# Problem to solve
When you reach the records below, output every one exactly as written but leave out any pictures.

# Material shown
⁂

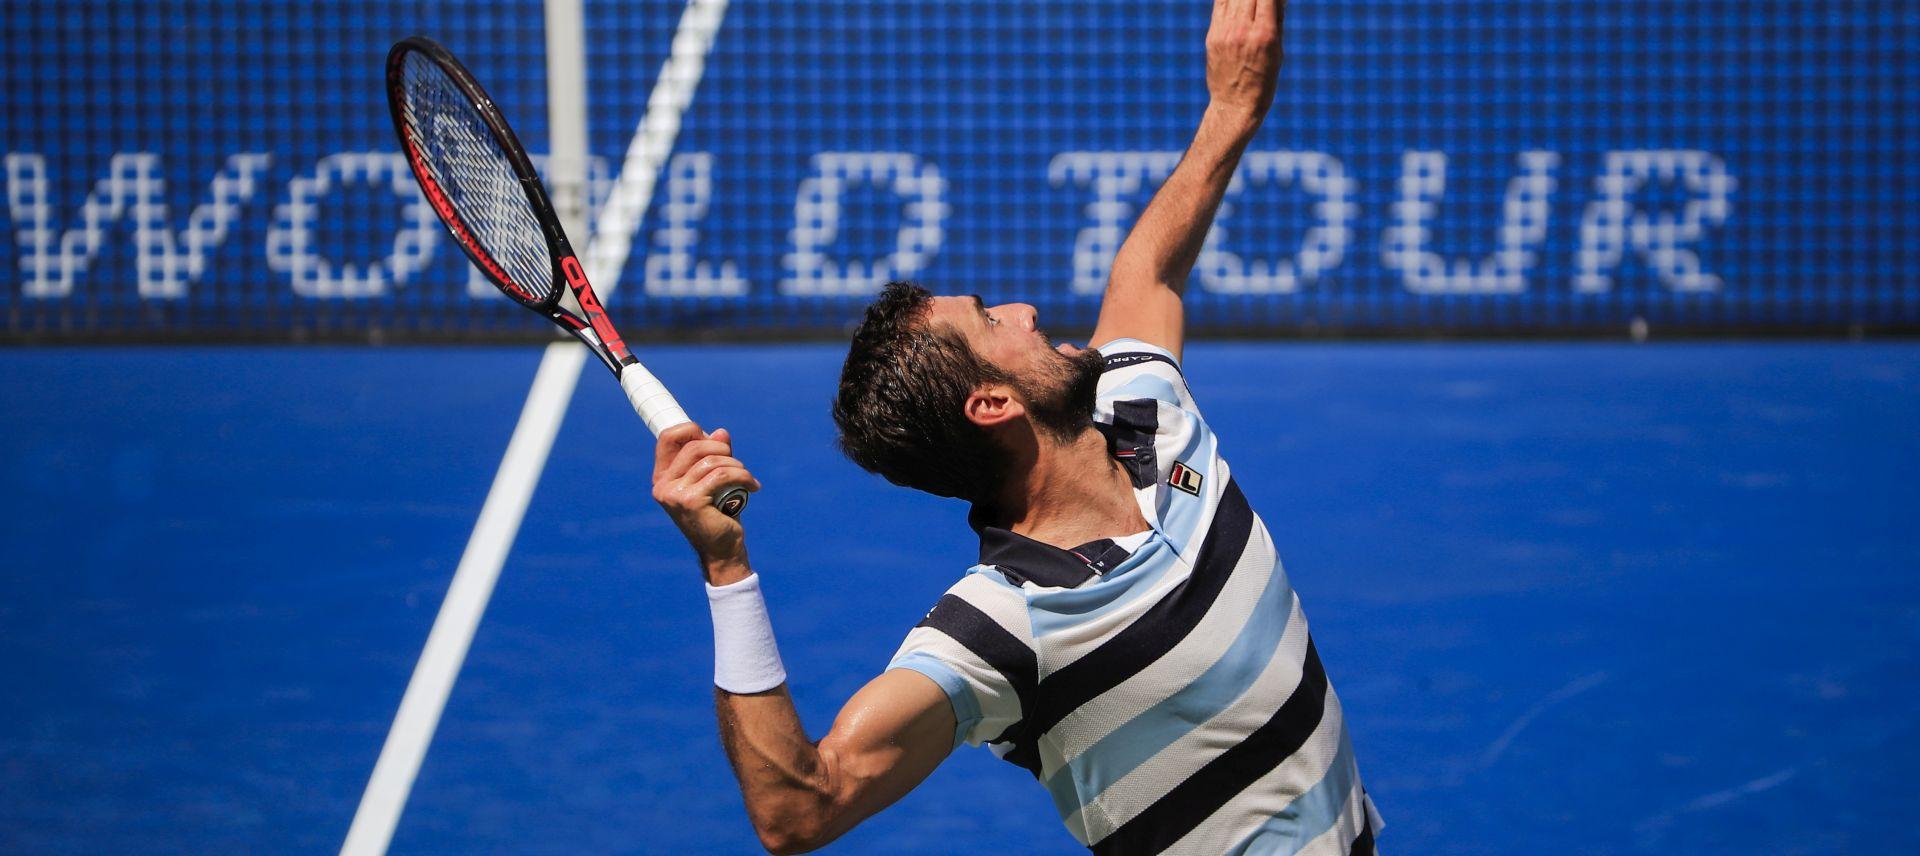 ATP LJESTVICA Čilić ostao sedmi, Đoković skočio na šesto mjesto
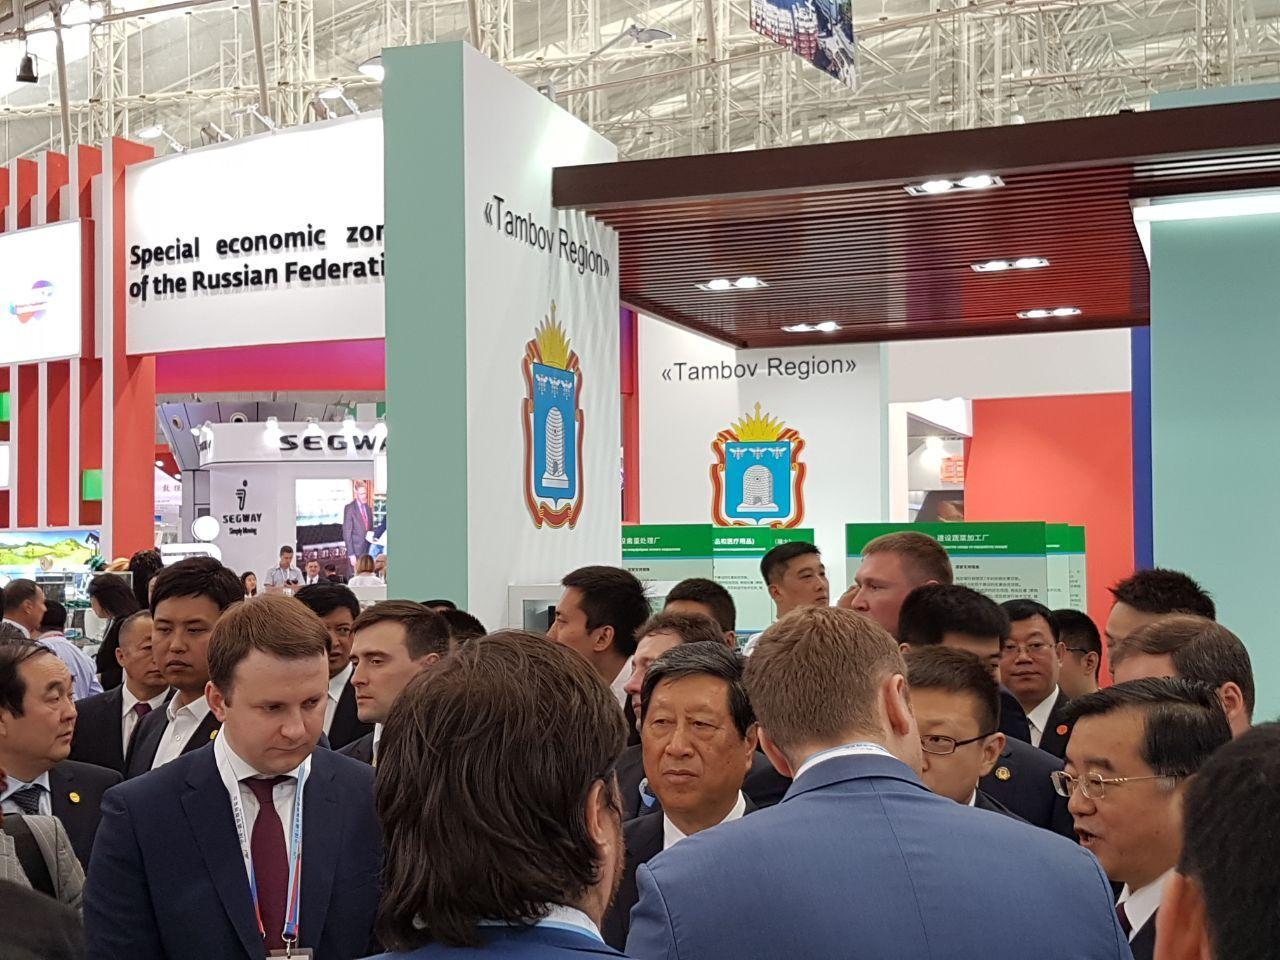 Тамбовская область участвует в российско-китайском диалоге
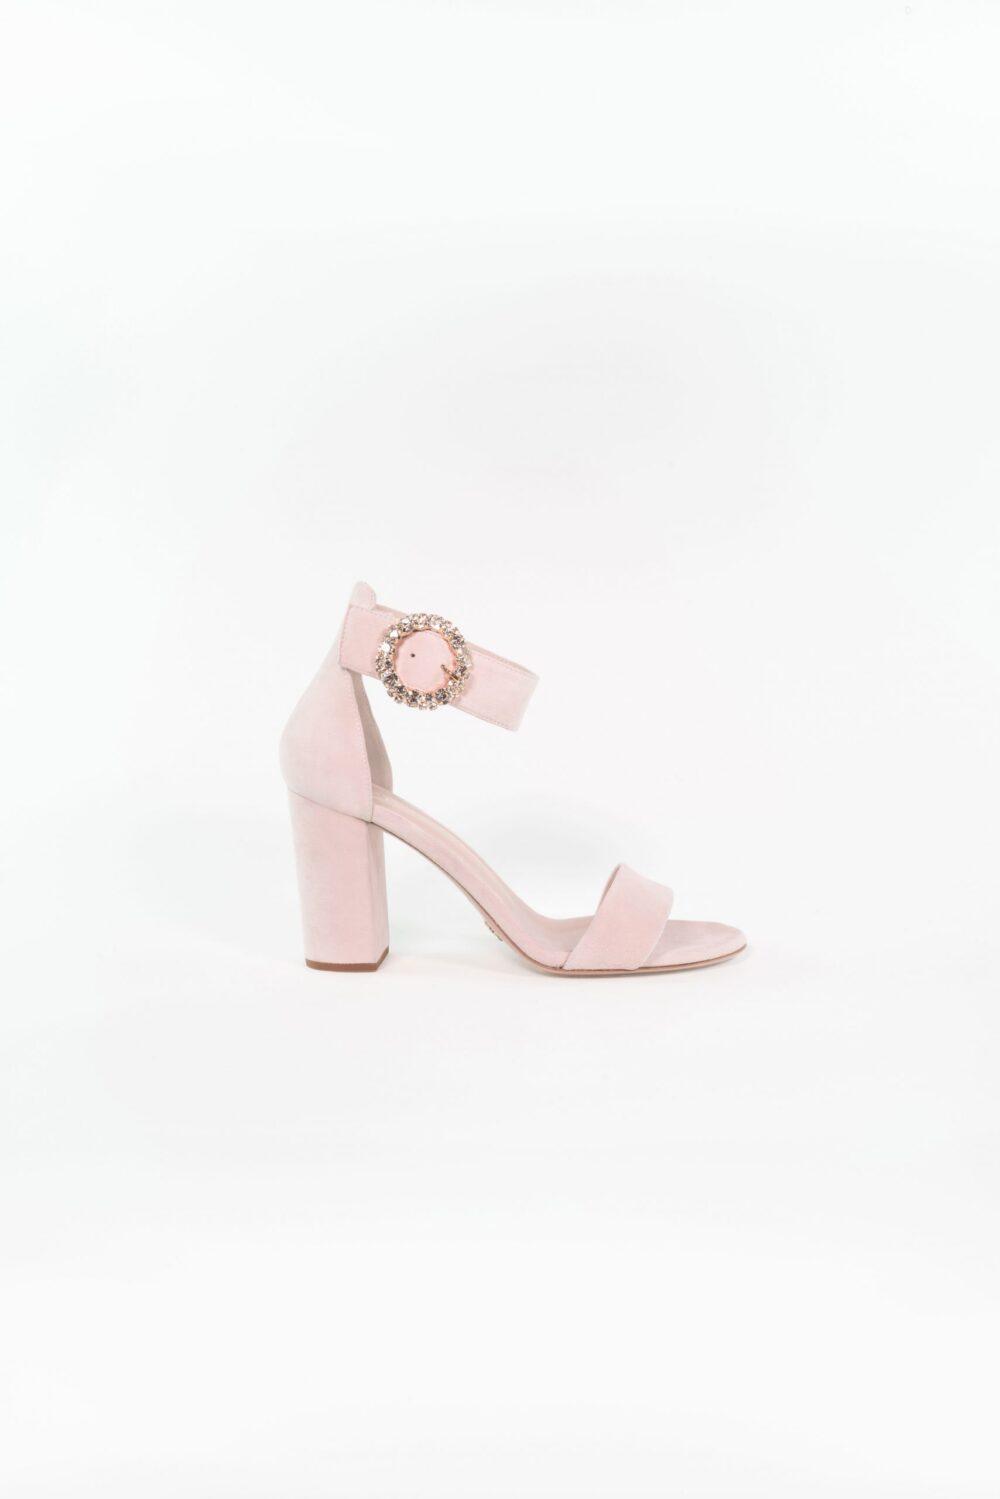 Designer Hochzeitsschuh Light rose Blockabsatz Anna
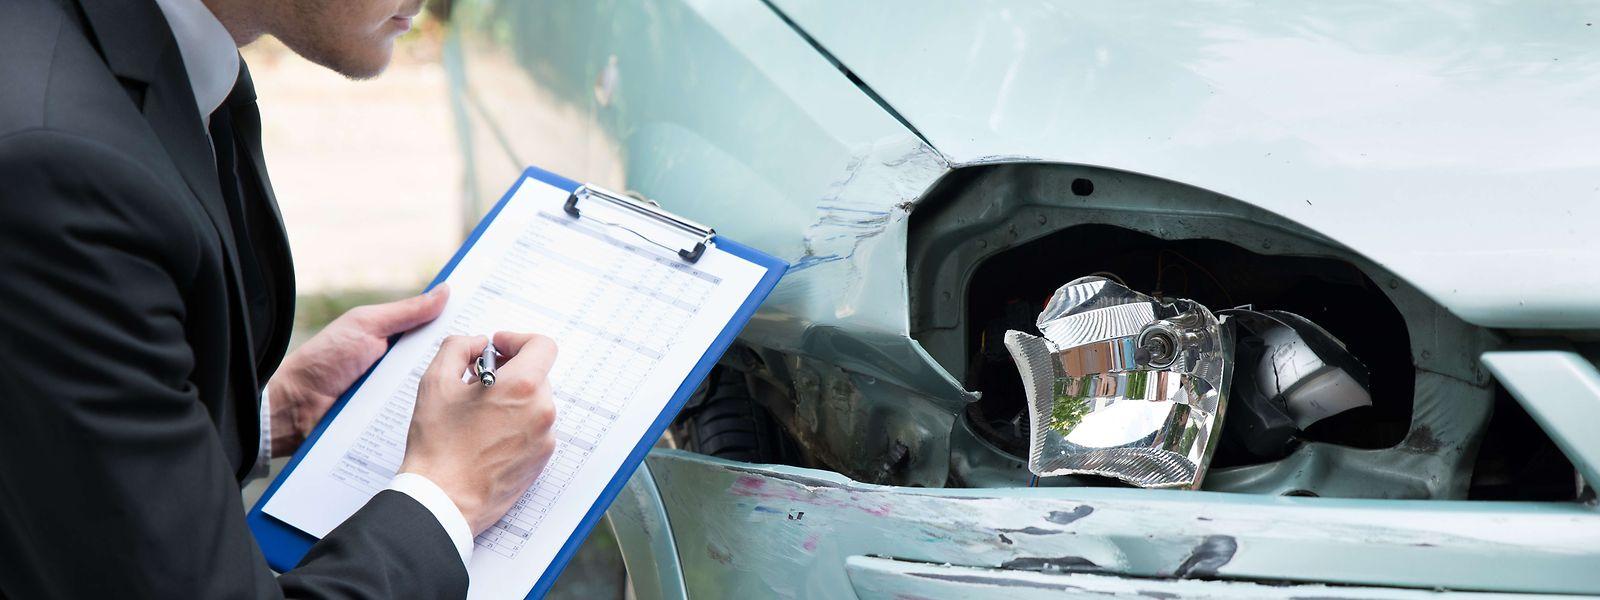 L'Ordre des experts automobiles au Luxembourg a déposé une plainte auprès du ministère pour pouvoir bénéficier du chômage partiel.
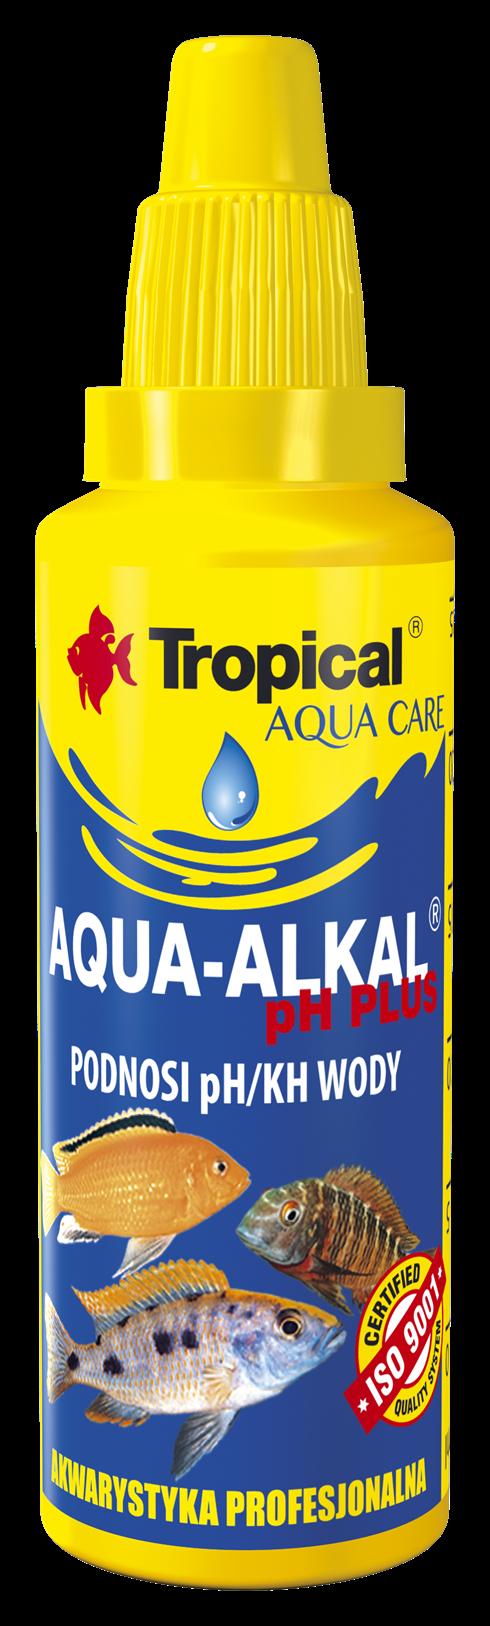 Aqua-Alkal pH Plus

⁂

# Exercise answer
 ATP LJESTVICA Čilić ostao sedmi, Đoković skočio na šesto mjesto
 Тамбовская область участвует в российско-китайском диалоге
 Designer Hochzeitsschuh Light rose Blockabsatz Anna
 L'Ordre des experts automobiles au Luxembourg a déposé une plainte auprès du ministère pour pouvoir bénéficier du chômage partiel.
 Aqua-Alkal pH Plus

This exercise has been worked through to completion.